Concrete can be molded into a variety of decorative products including artificial stones, mosaics, and brick facades, just to name a few decorative concrete applications. Many of these products achieve their appearance by the use of surface pigments or other surface additives. These pigments are often metal oxides but can be other particles such as synthetic particles, and organics as well. The particles are introduced onto the surface of the mold receiving the concrete. When the concrete is added to the mold, the particles adheres to the pigment. Thus, when hardened the concrete will carry the pigment on its surface creating the desired appearance for the end use (artificial stone, slate, marble etc.). The chemical environment produced in concrete is not conducive to many pigments. The strong alkali nature of the material chemically degrades many pigment species; both mineral and organic over time. It is for this reason that encapsulating pigments with a chemically inert layer that is anchored into the concrete benefits a wide variety of pigments by shielding the pigment from alkali and water.


Calcium silicate hydrate is the primary cementing material which is produced when Portland cement hydrates during the hydration of concrete, The hydrate is very important to strength of the final product. There are other mineral species in concrete as well, such as tricalcium aluminate, and triclacium aluminoferrate, and gypsum, that contribute to concrete curing. These latter compounds are not as critical to strength of the concrete. The latter three species only account for about 25% of the hydration reactive species in the curing. Calcium silicate species including calcium tri-silicate and calcium di-silicate account for about 75% of the critical-to-cure chemicals whose hydration accounts for concrete's physical properties. The calcium silicate species naturally act as the dominant adhesive for pigment particles.


The mineral adhesive layer such as a calcium silicate layer binds the pigment particle to the surface of the decorative concrete. This mineral layer is susceptible to dimensional changes with prolonged contact with water. Further hydration causes swelling at the pigment particle-calcium silicate hydrate interface.


When drying occurs, the interface shrinks. If this cycle is reproduced repeatedly over time, it can cause the particle coating to be loosened and easily carried away by wind or abrasion. This pigment loss causes fading of the decorative concrete over time. Horizontal surfaces are particularly vulnerable since their contact with water is prolonged, when compared with vertical surfaces. This results in a concrete decorative product which loses the natural or finished appearance of the material it is trying to mimic. The resulting product looks more like concrete and less like stone or mosaic, etc. causing problems including problems with customer satisfaction.

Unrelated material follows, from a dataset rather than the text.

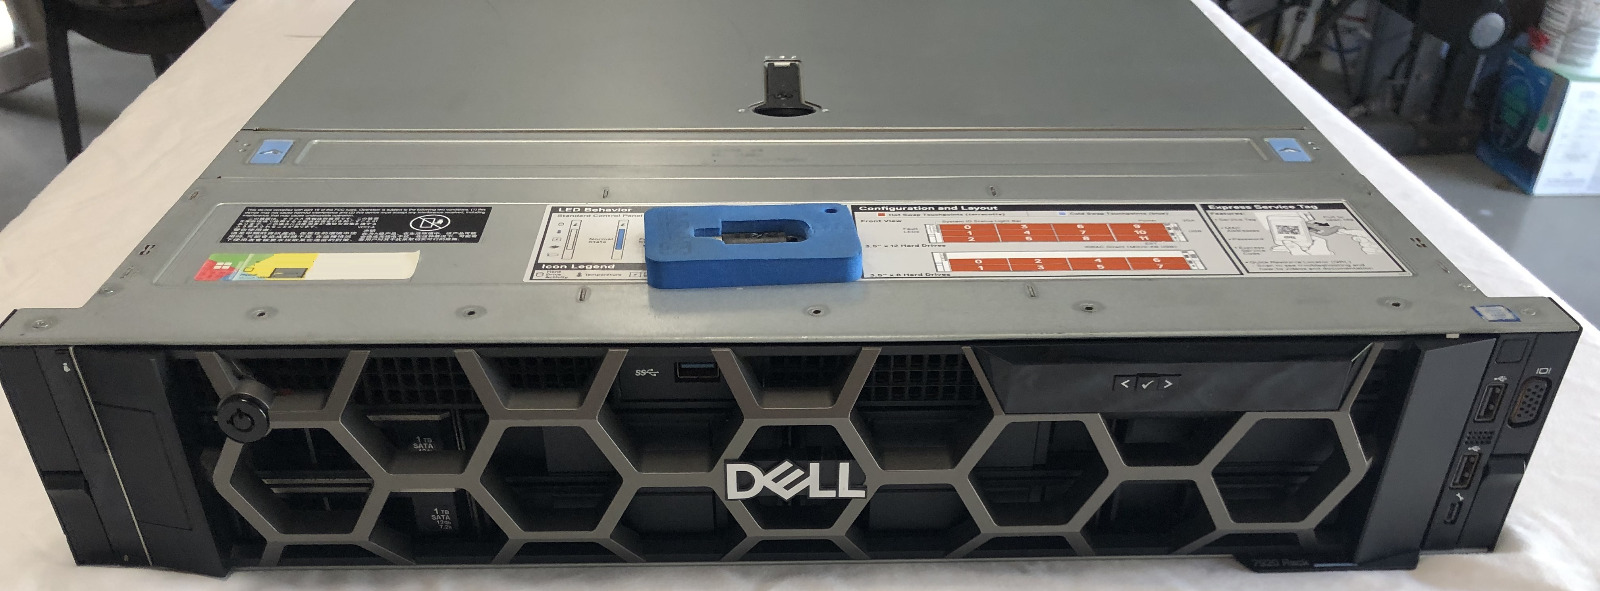 Dell Precision R7920 Workstation (PowerEdge R740 Chassis)
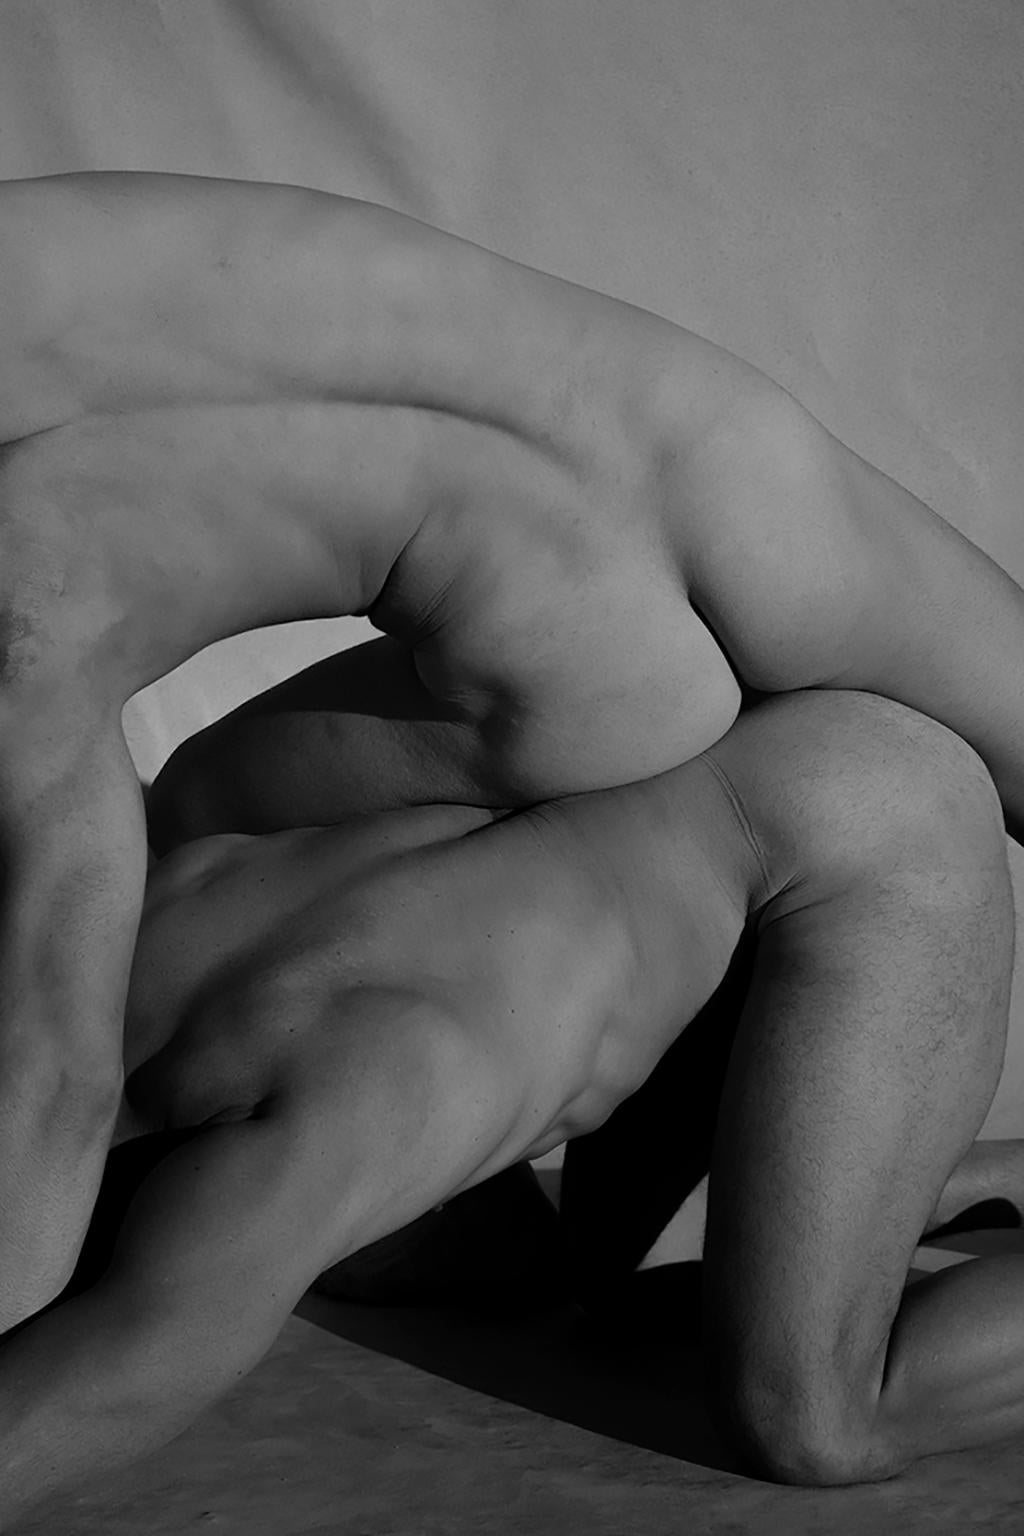 Ricky Cohete Nude Photograph - Cerro II. Cerros series. Male Nudes Black and White limited edition photograph

UV and chemical attack can also result in pigment fade over the life of the concrete product in the many cases where UV and chemical susceptible pigments are used. The present invention minimizes these effects as well as serving as a mechanical anchor for the pigment or other particles. In addition, the use of nano-sized smectite clay particles forms a protective barrier to slow down the UV and chemical effects in water-dispersed polymers which normally do not perform well in outdoor environments.


OBJECTS OF THE INVENTION

One object of the invention is to provide the decorative concrete industry with a protective surface finish that is superior to the product currently available.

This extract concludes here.